Krafting A Killer Dividend
Timothy is a member of The Motley Fool Blog Network -- entries represent the personal opinion of the blogger and are not formally edited.
On Oct. 1, Kraft Foods spun off its North American foods business. This left two companies, Mondelez International (NASDAQ: MDLZ) and the new Kraft Foods Group (NASDAQ: KRFT). While Mondelez operates in high-growth international markets, the new Kraft is comprised of a stable of mature, reliable brands such as Maxwell House, Jell-O, Cool Whip, Ritz, Velveeta, and almost countless more. The spinoff allows the new Kraft to focus on slow, reliable growth and a dedication to returning shareholder value.
A Hearty Dividend
Kraft declared a $0.50 quarterly dividend, or $2 per year, which puts the yield at a hefty 4.3%. Other large food companies can't match Kraft on yield. General Mills (NYSE: GIS), which owns brands such as Cheerios, Pillsbury, and Yoplait, pays a 3.16% dividend. ConAgra Foods (NYSE: CAG), known for its Banquet, Chef Boyardee, and Healthy Choice brands, pays a similar 3.3% dividend. These both pale in comparison to the new Kraft dividend.

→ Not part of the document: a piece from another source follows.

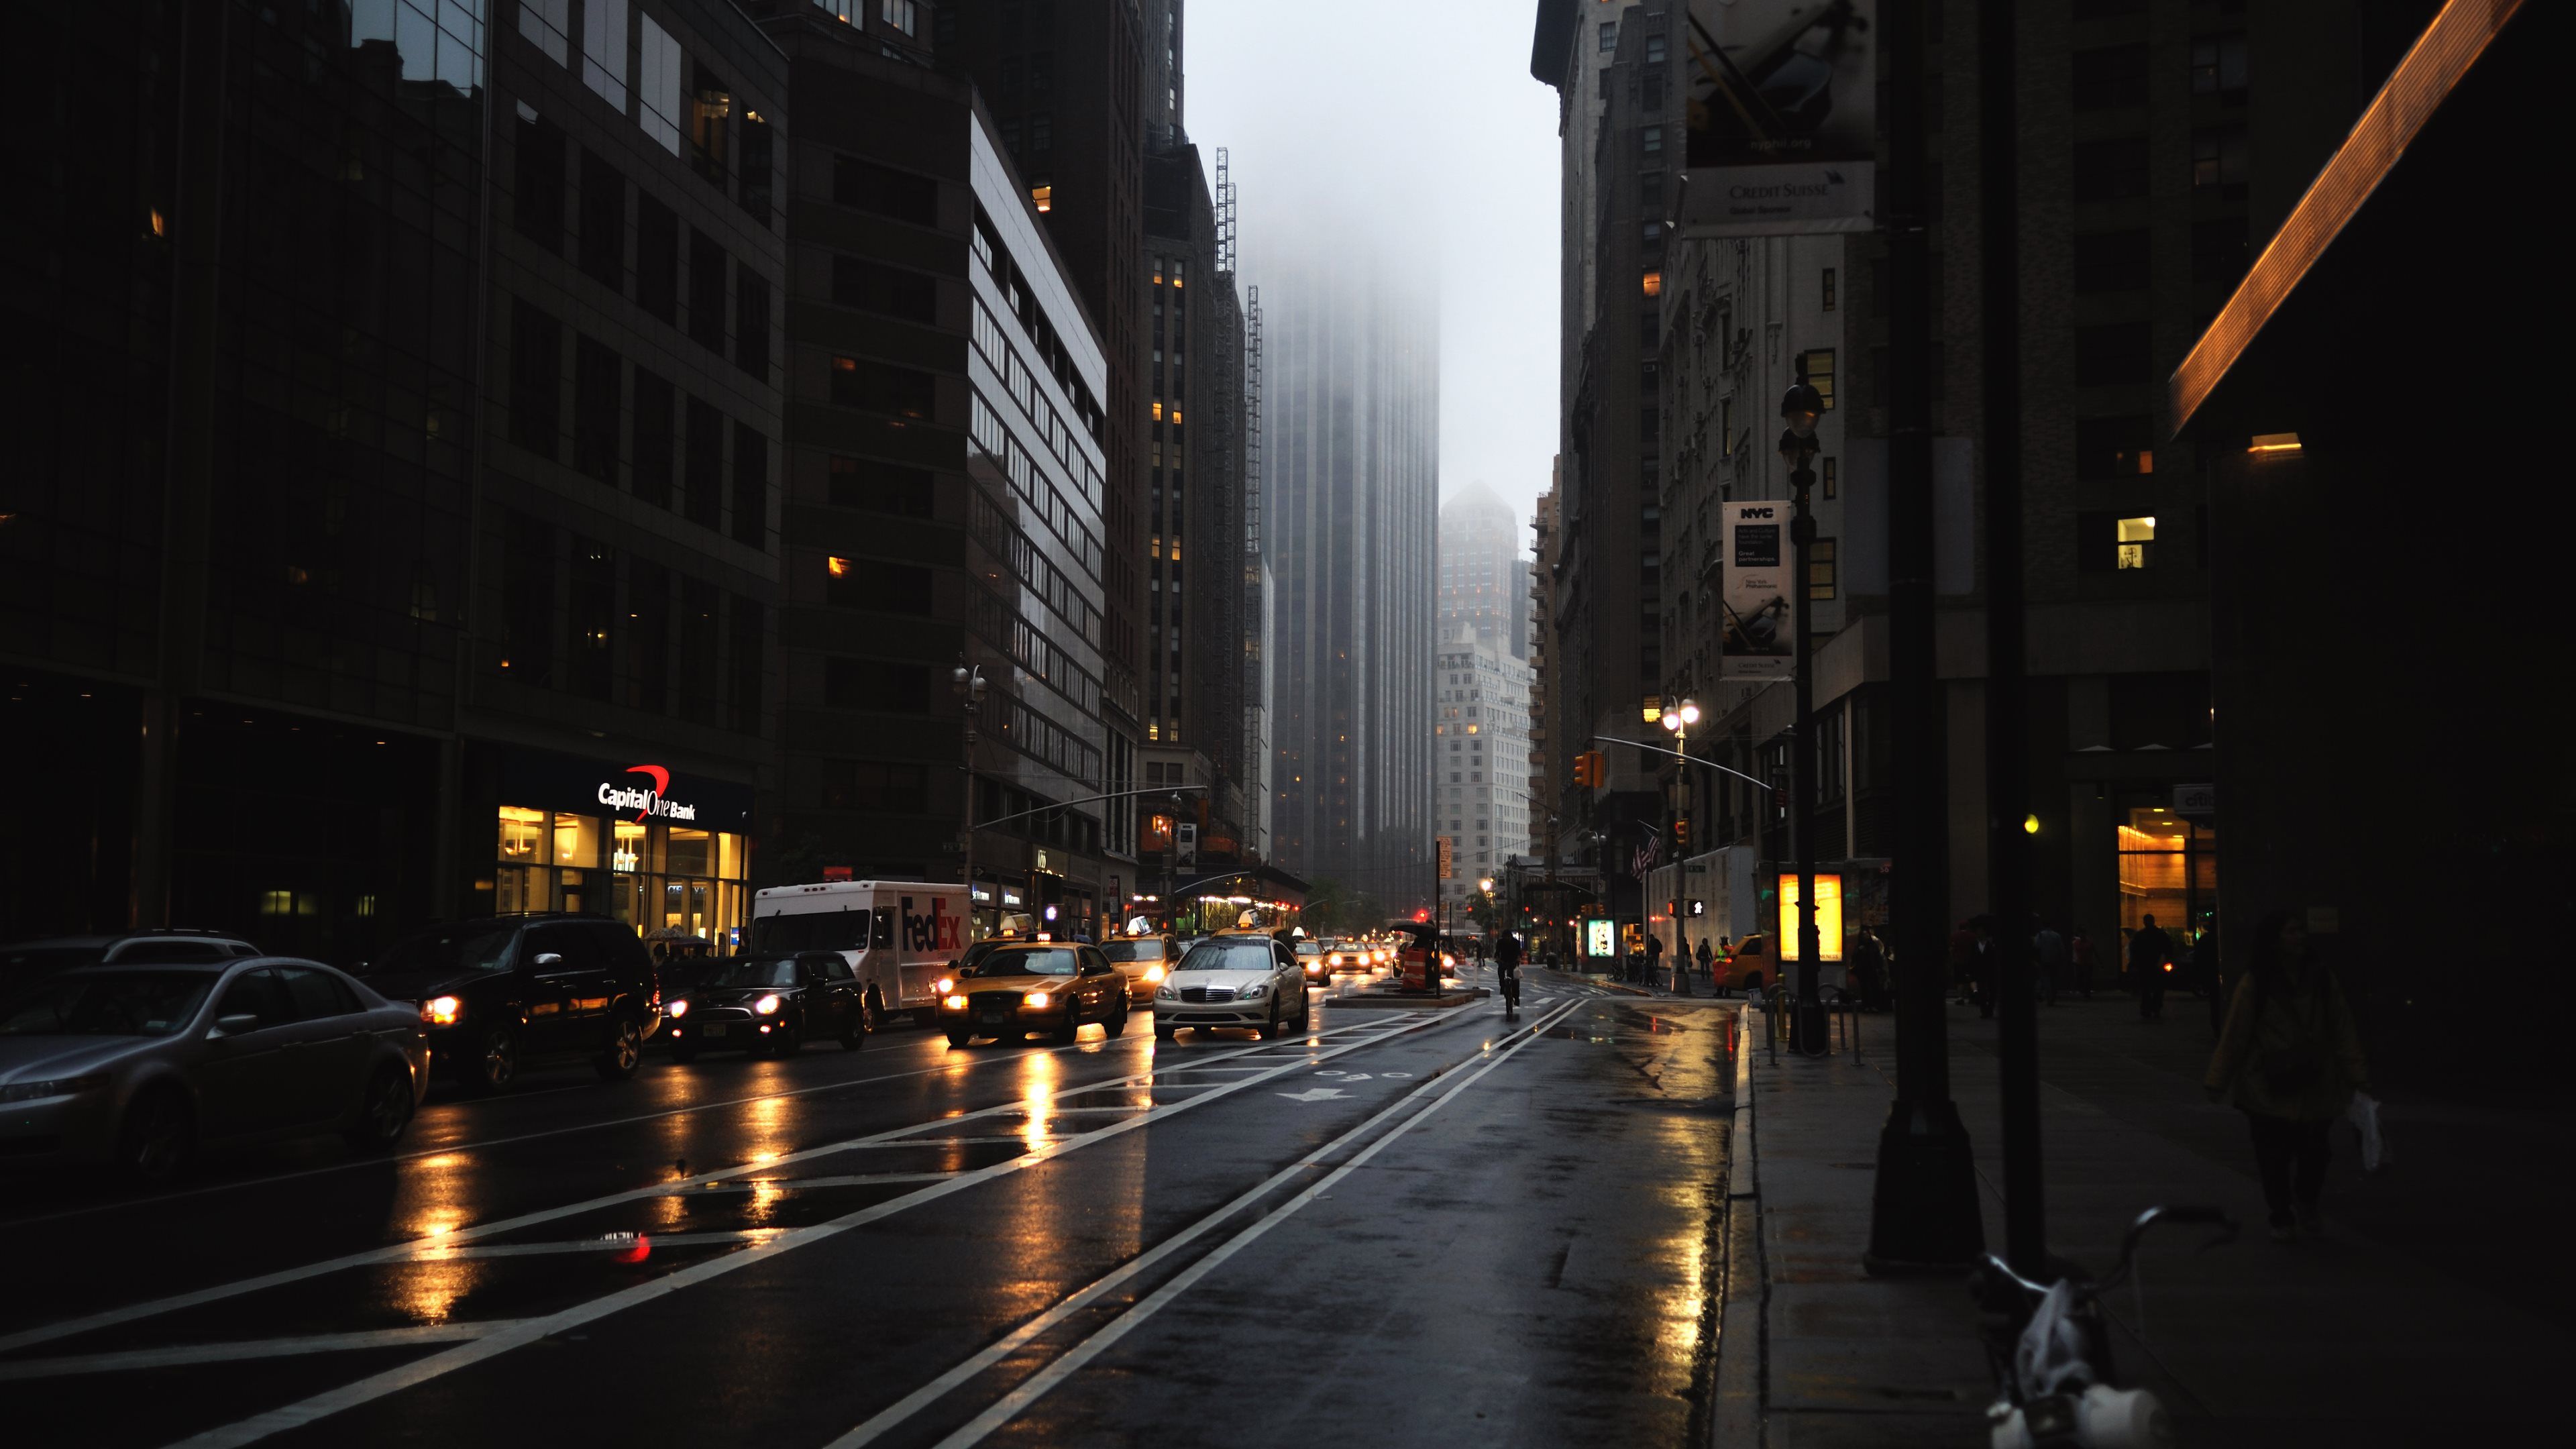 Rainy Day in New York City [3840x2160]

In terms of growth, General Mills grew its dividend by nearly 9% last year and by 16.67% the year before. Meanwhile, ConAgra's dividend grew by 6.7% last year and 12.7% the year before. It's difficult to predict Kraft's growth rate going forward, but Kraft has stated that it is committed to 5%-9% dividend growth. I think it's safe to say that Kraft's dividend growth rate will be slower than its peers', but the extra yield may make up for it.
Is Kraft A Value?
Since we don't know how fast Kraft's dividend will grow, I'll do a reverse dividend discount calculation. The dividend discount model assumes that the value of a company is the sum of all future dividend payments discounted back to today. Since Kraft is aiming to become a dividend stock, this method is reasonable to use here. Instead of inputting a growth rate and outputting a stock value, I'll do the reverse. This will tell us the minimum growth rate that justifies buying Kraft at its current market price of $46.33.

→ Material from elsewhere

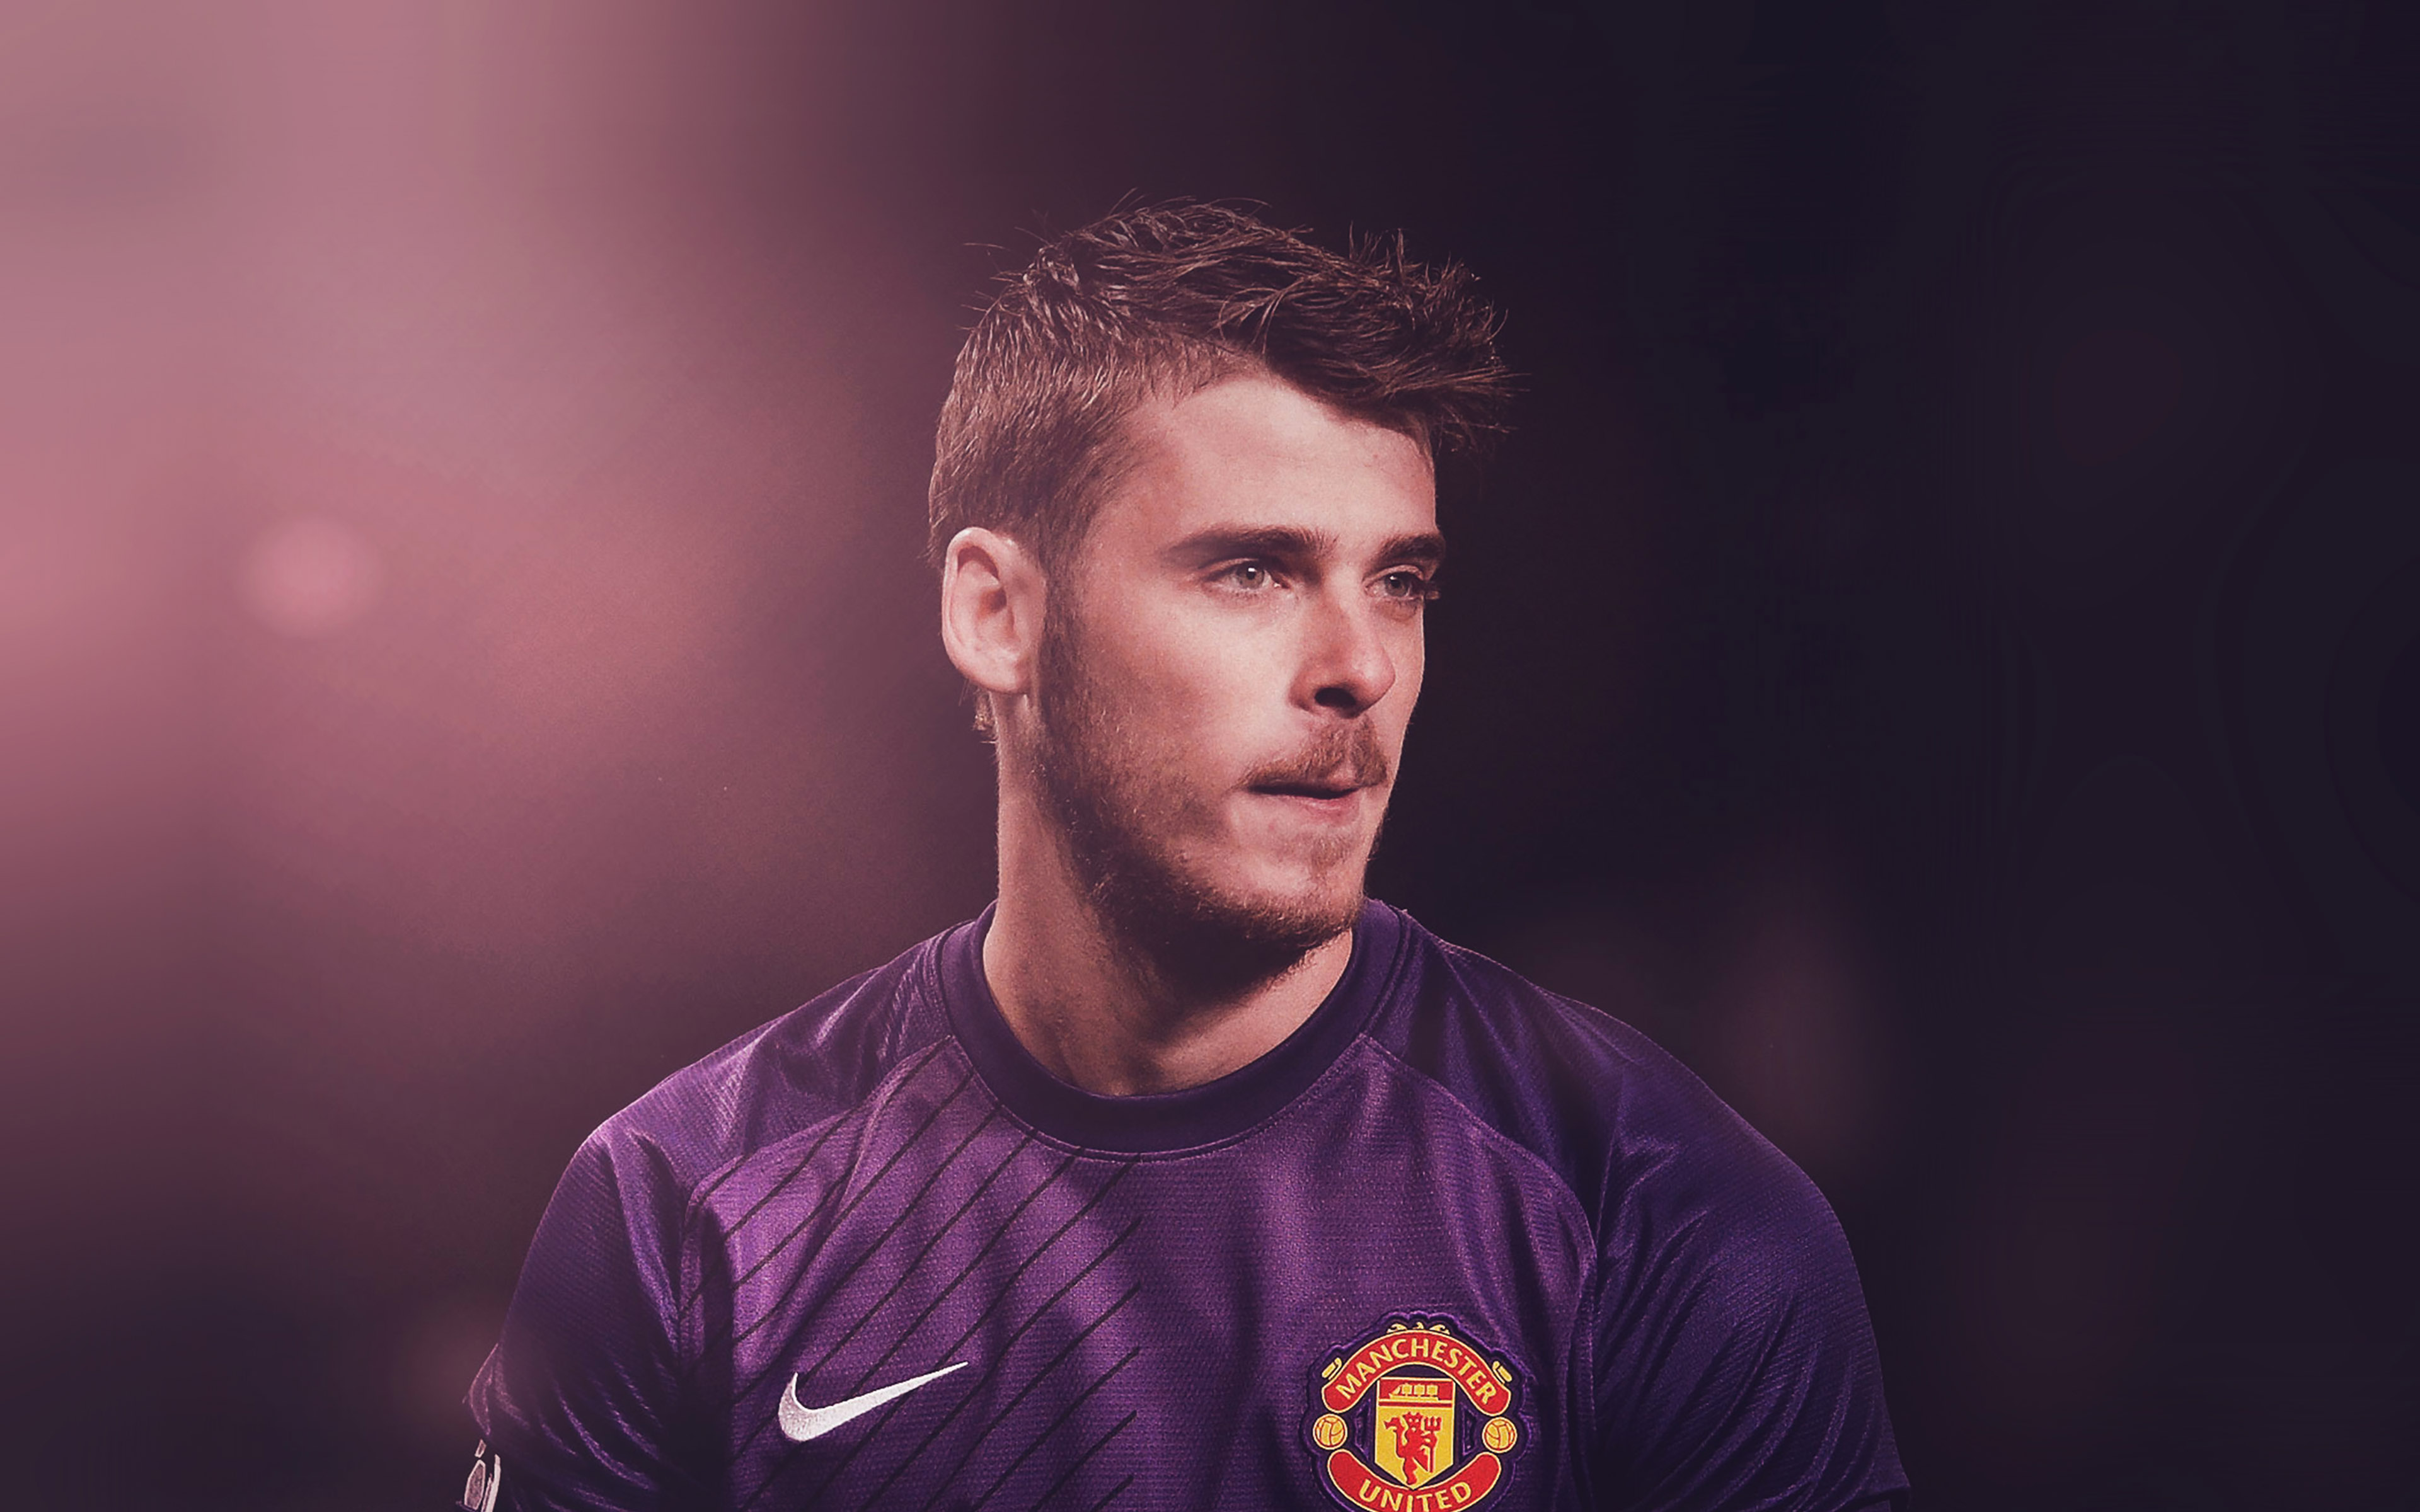 Manchester United - HD Wallpaper

For my discount rate, I like to use 8% for dividend discount calculations. This is roughly the long-term growth rate of the market as a whole. One other assumption: After 10 years, I'll set the perpetual growth rate to 3%. So we're searching for the 10-year annual growth rate here. Using this discount rate and adjusting the growth rate to get the current market price, I arrive at a minimum dividend growth rate of 4.48%.
What does this mean? Kraft only needs to grow the dividend at a 4.48% annually to justify the current share price. In other words, Kraft is a bargain.

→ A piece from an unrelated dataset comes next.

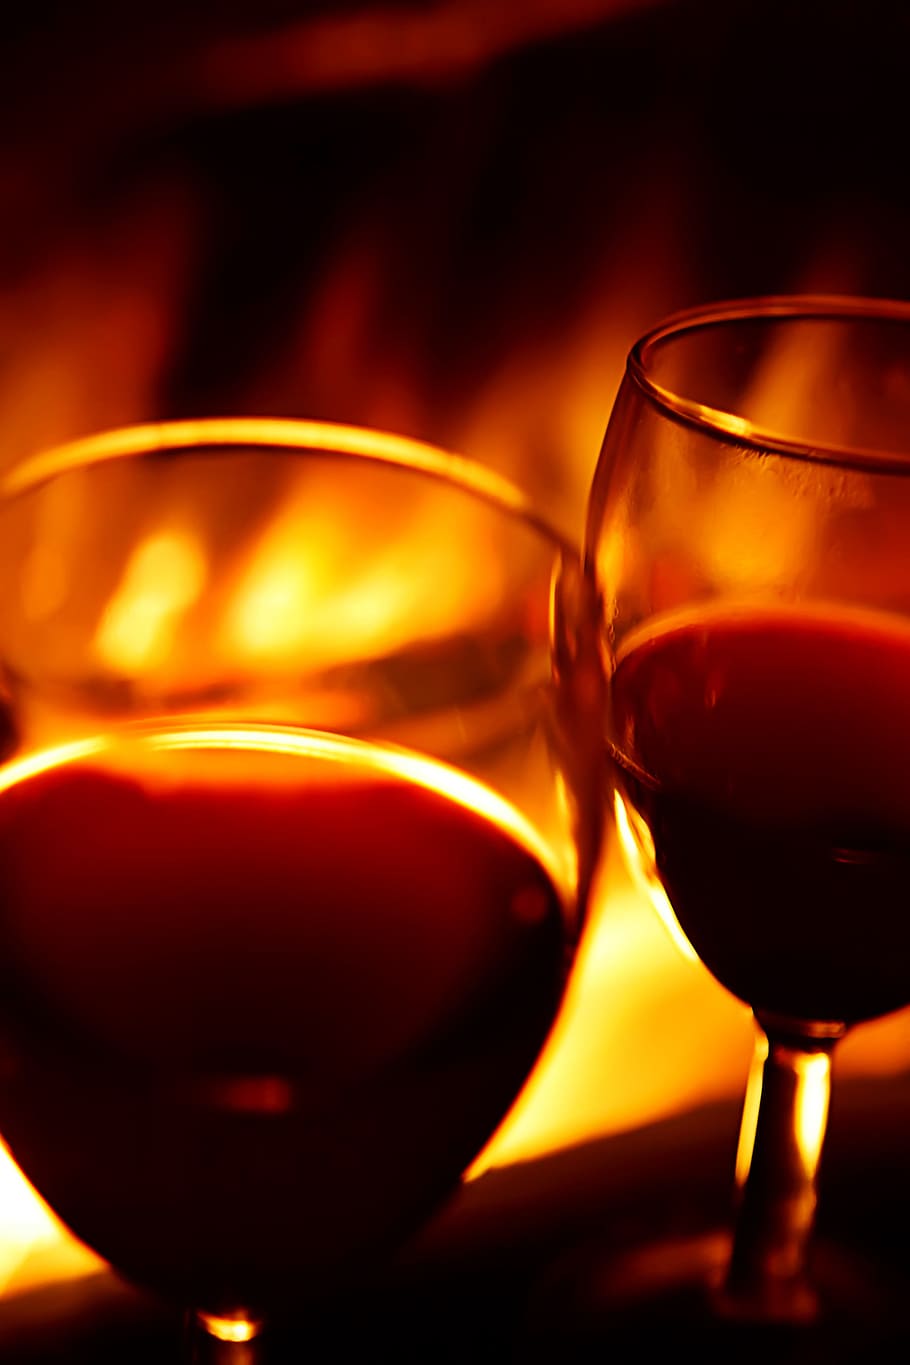 alcohol, beverage, bonfire, burn, celebration, classical, close-up, closeup, cozy, cup

Here's a table of the fair value of Kraft, assuming various dividend growth rates:
If the range given by Kraft is correct (5%-9%), then a share of Kraft is worth somewhere between $48.27 - $66.23 today.
The Bottom Line
The new Kraft looks like a fantastic dividend stock at the current market price. At a current yield of 4.3%, Kraft only needs to raise it's dividend by 4.48% annually to be fairly valued. Since it seems likely that the true dividend growth rate will be faster than this, Kraft offers a great opportunity to pick up a high-yielding stock with the potential to grow the dividend in the high single-digits. No other food products company offers a yield this high, and while Kraft's growth may lag its peers, the full picture looks promising. If you're a dividend-focused investor, Kraft should be part of your portfolio.